(Required work): The line containing "Capa do post: Counter", plus every line that follows it to the end of the listing below, is what you transcribe exactly; omit all pictures.

(Given information):
-=-=-

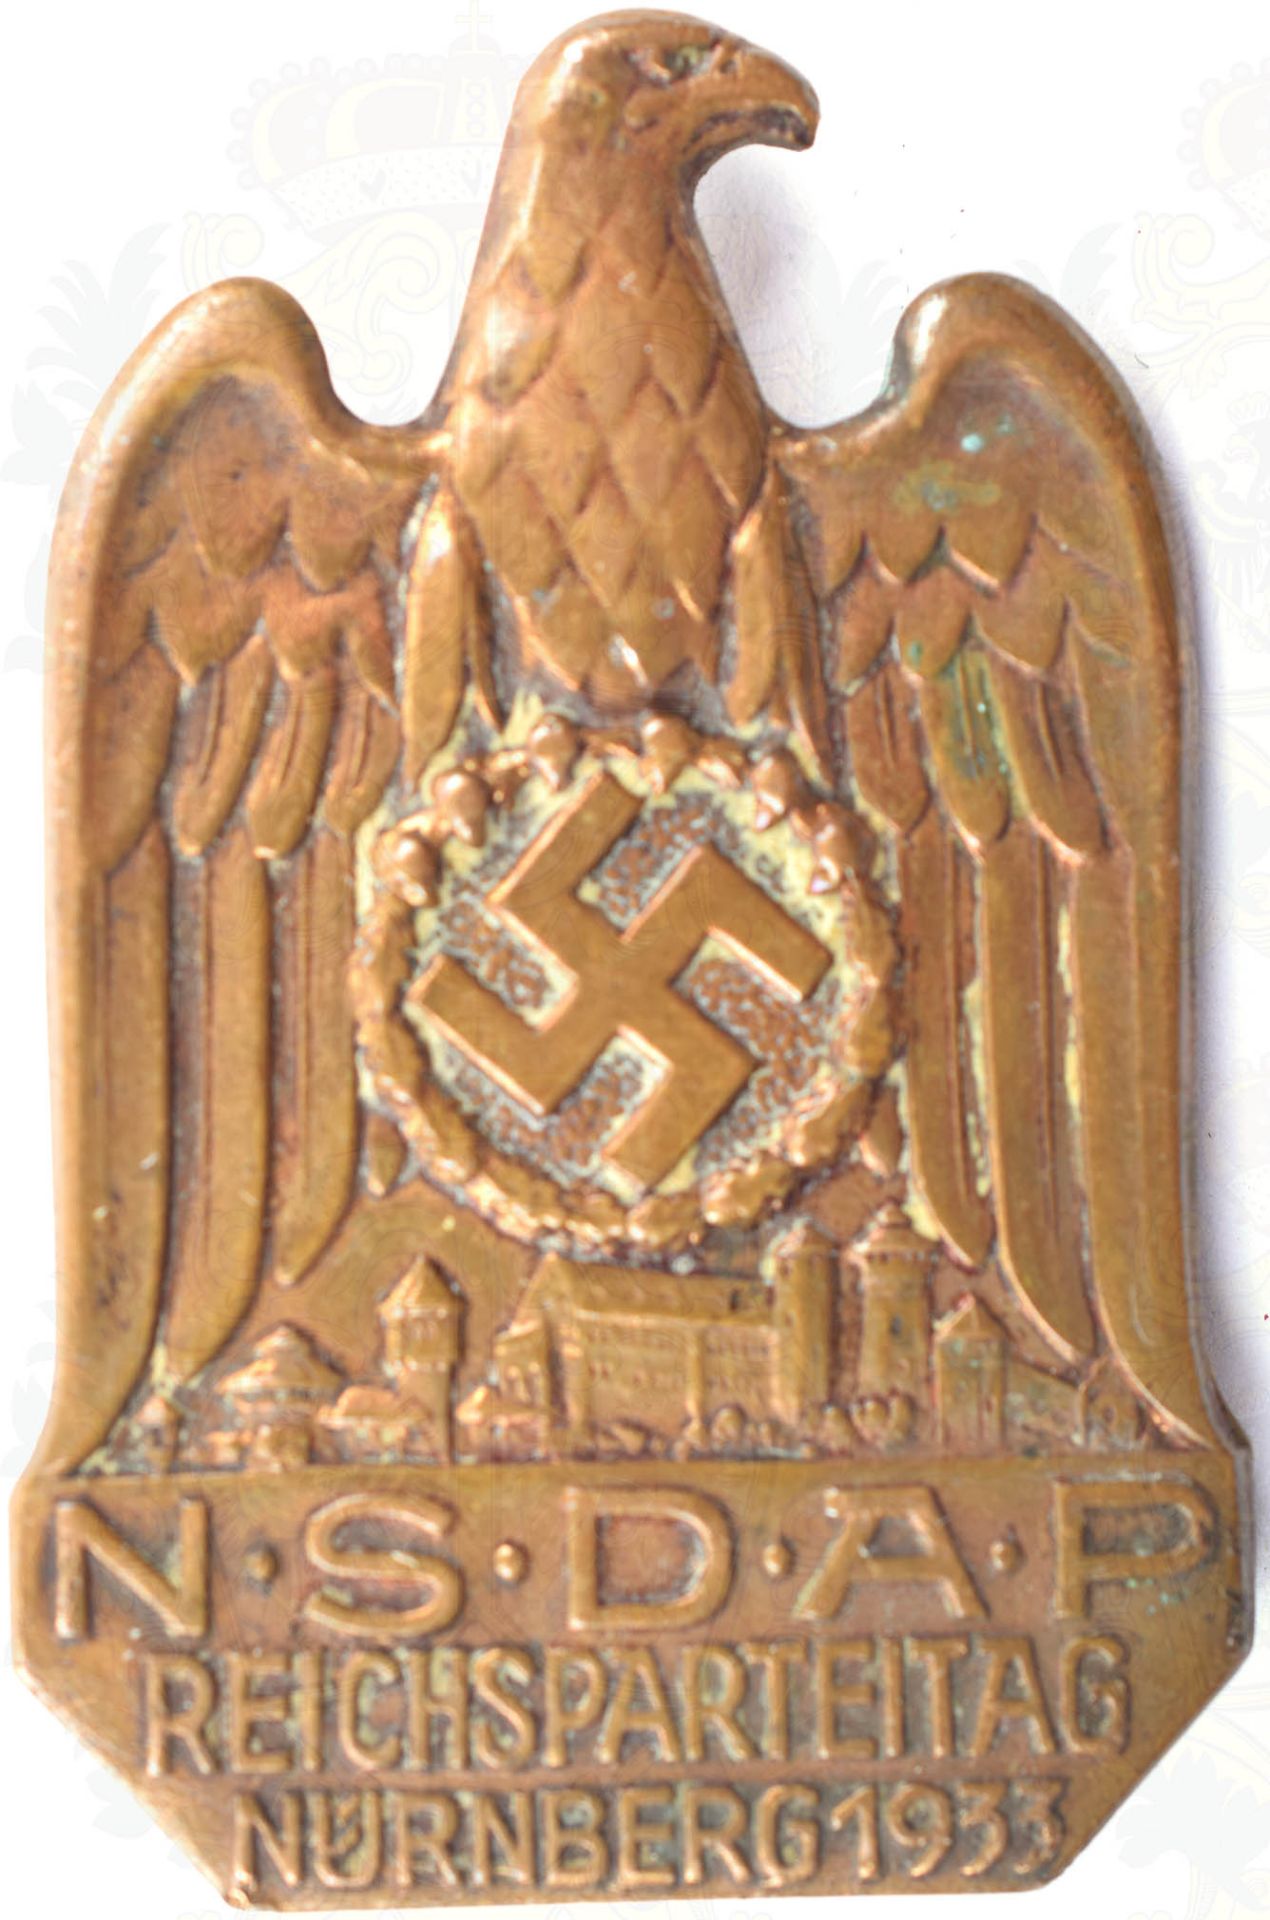 ABZEICHEN REICHSPARTEITAG NÜRNBERG 1933, Bronze, massiv, entspr. bez., zeitgen. Nadel rs. neu
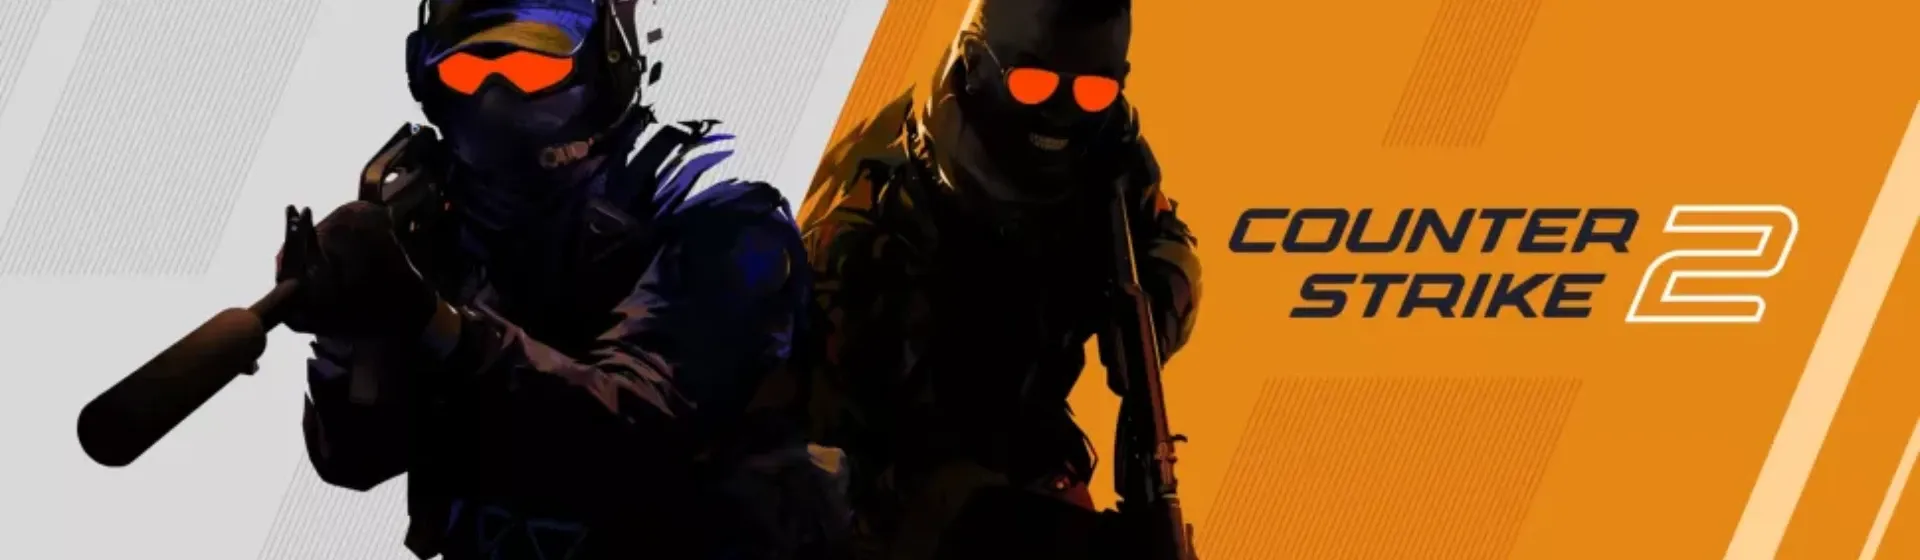 Capa do post: Counter Strike 2: tudo sobre o novo jogo da clássica franquia FPS
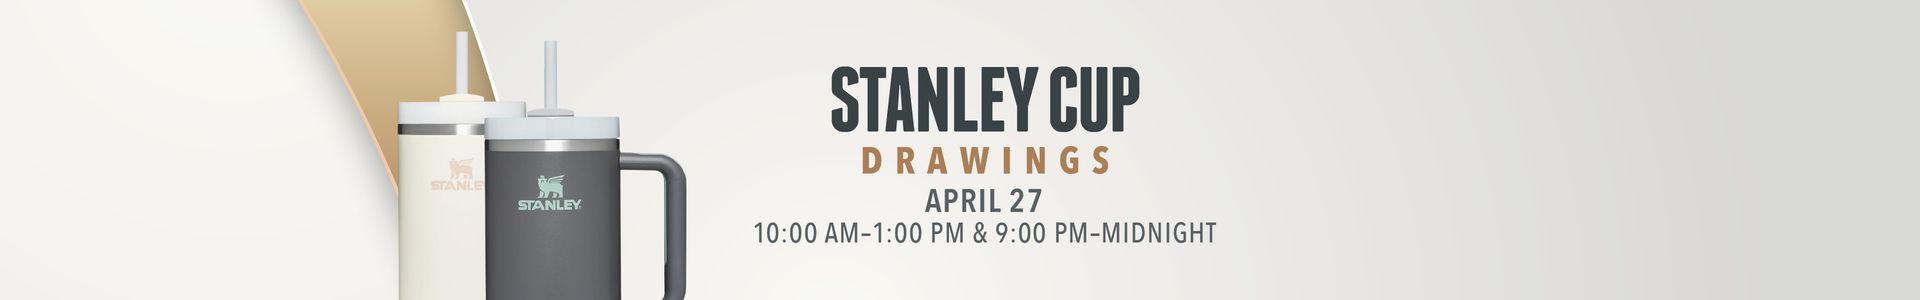 Stanley Cup Drawings
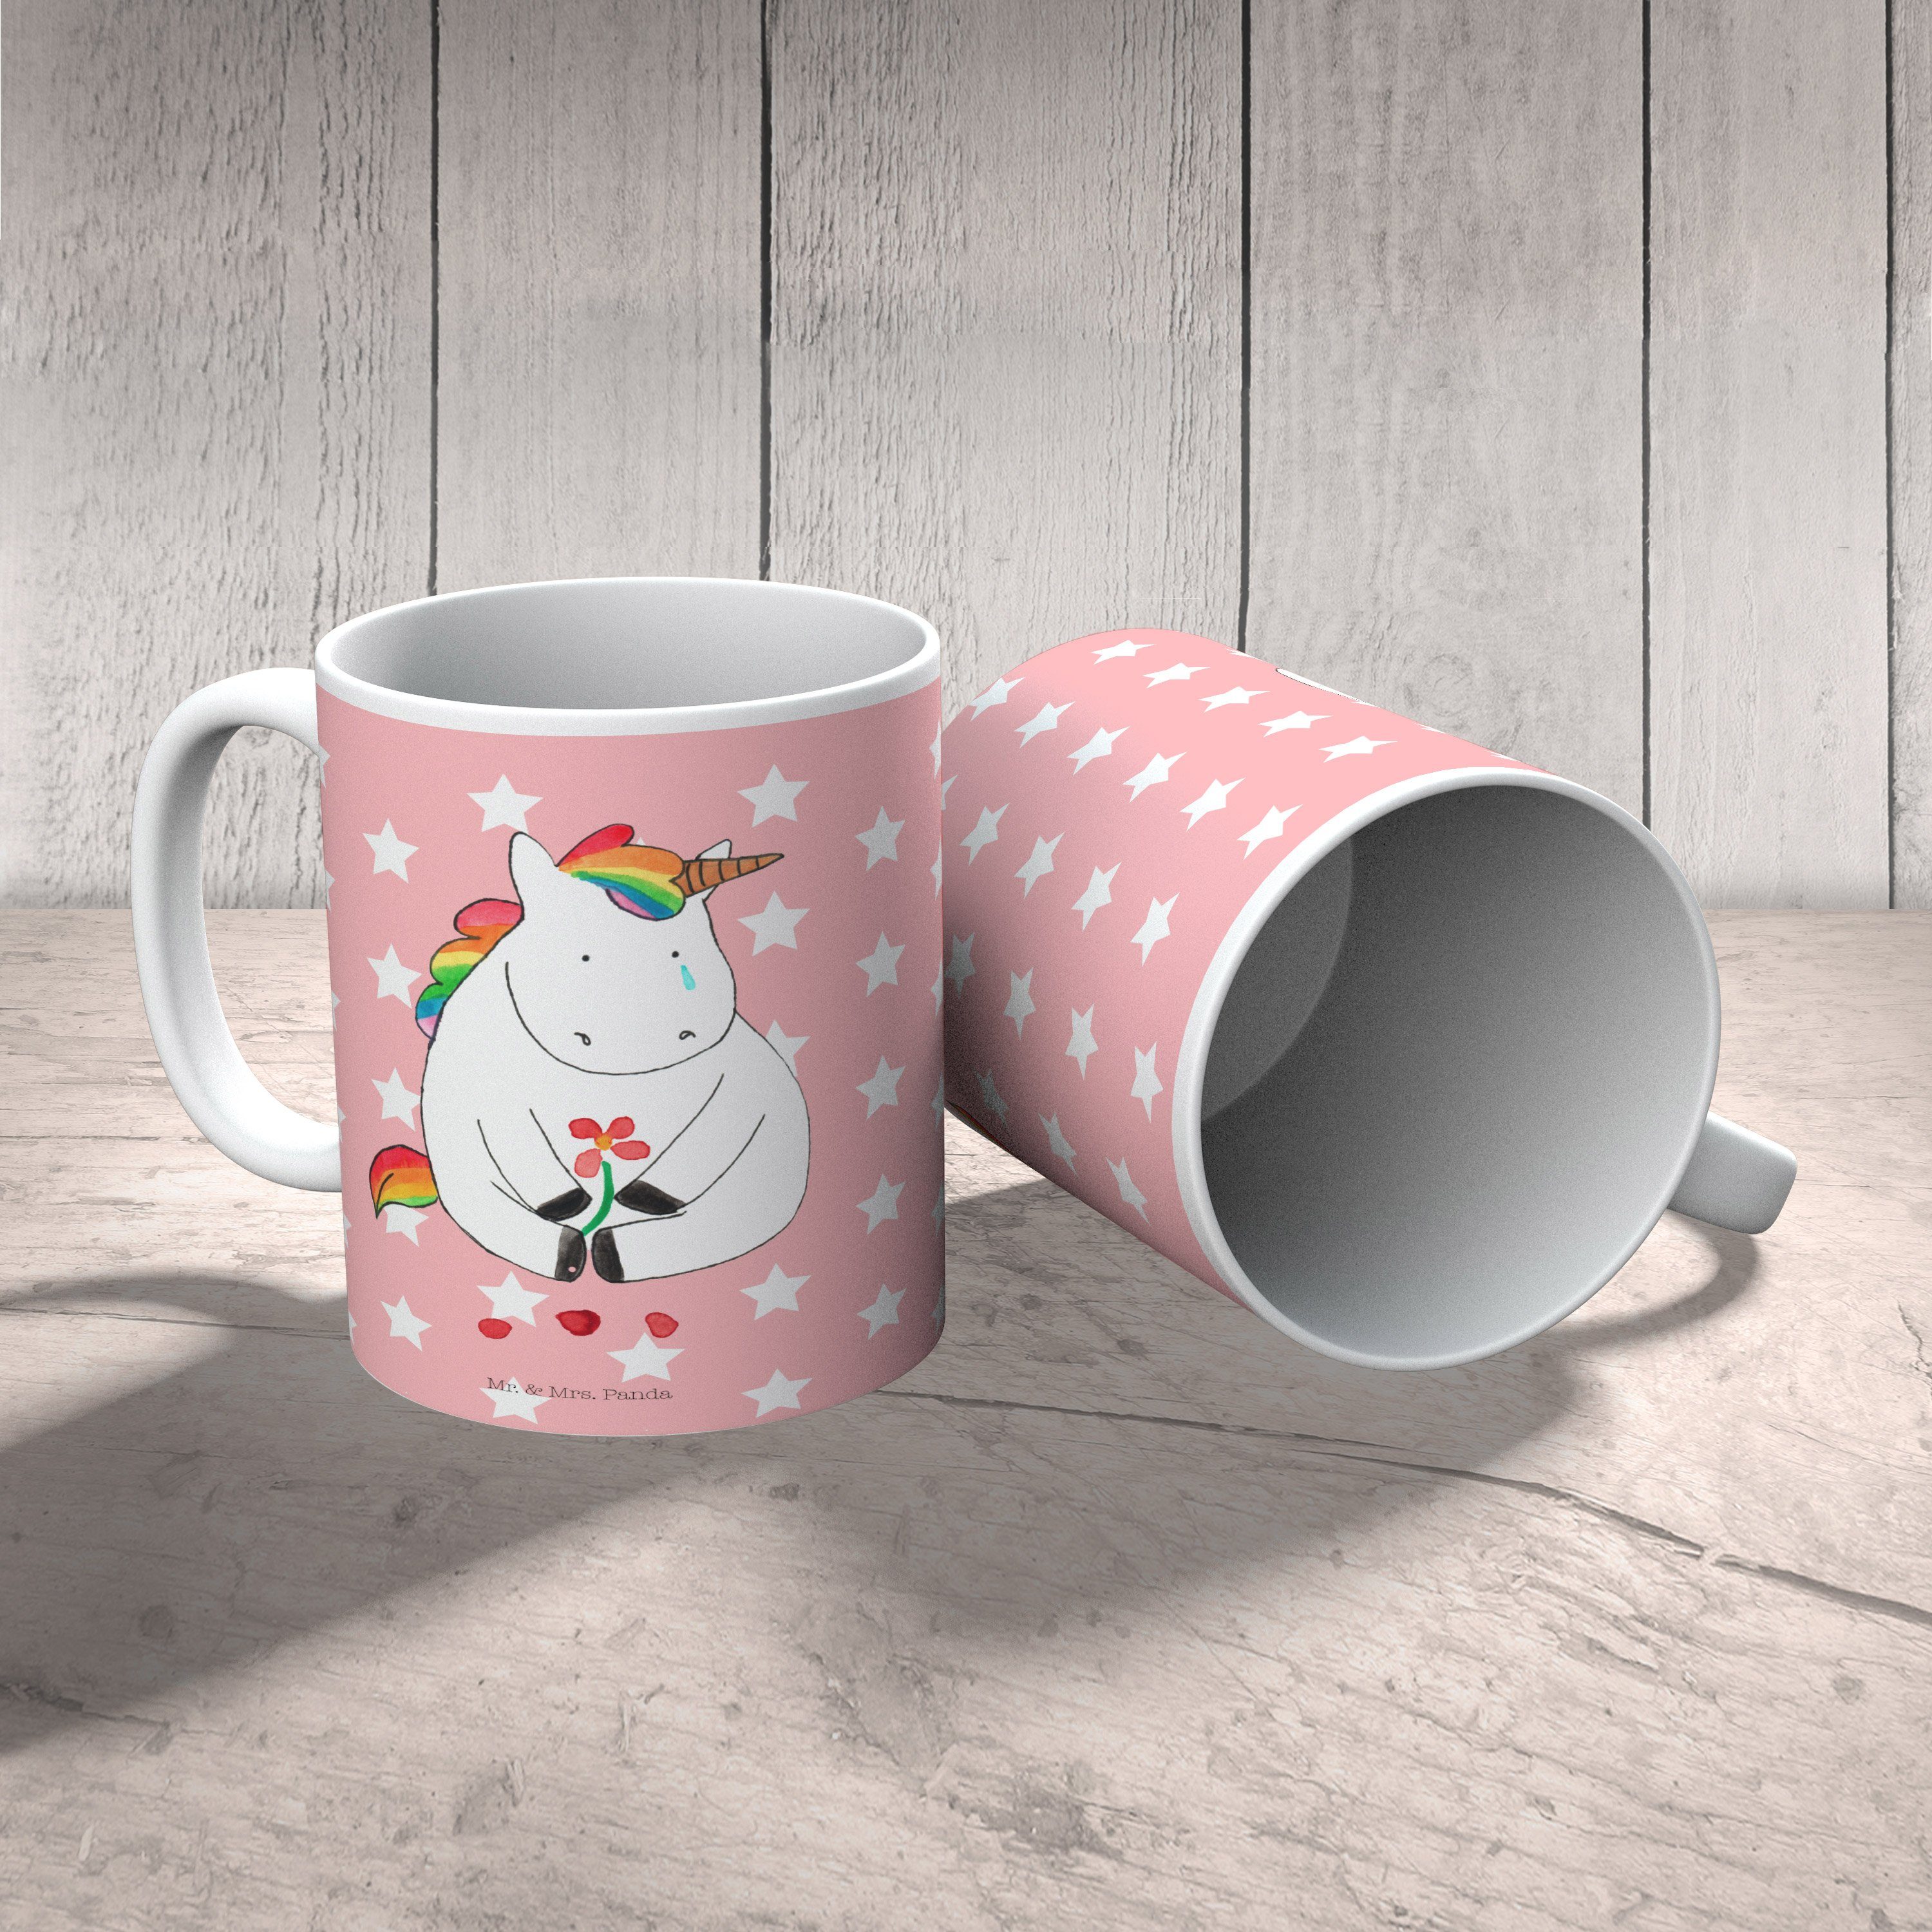 & - Mrs. Kinderbecher Pastell Kaffeetasse, Traurig Tasse, Rot Einhorn, Geschenk, Mr. Einhorn Panda - Kunststoff

-=-=-

(Your response):
 Capa do post: Counter Strike 2: tudo sobre o novo jogo da clássica franquia FPS
 Stanley Cup Drawings
 & - Mrs. Kinderbecher Pastell Kaffeetasse, Traurig Tasse, Rot Einhorn, Geschenk, Mr. Einhorn Panda - Kunststoff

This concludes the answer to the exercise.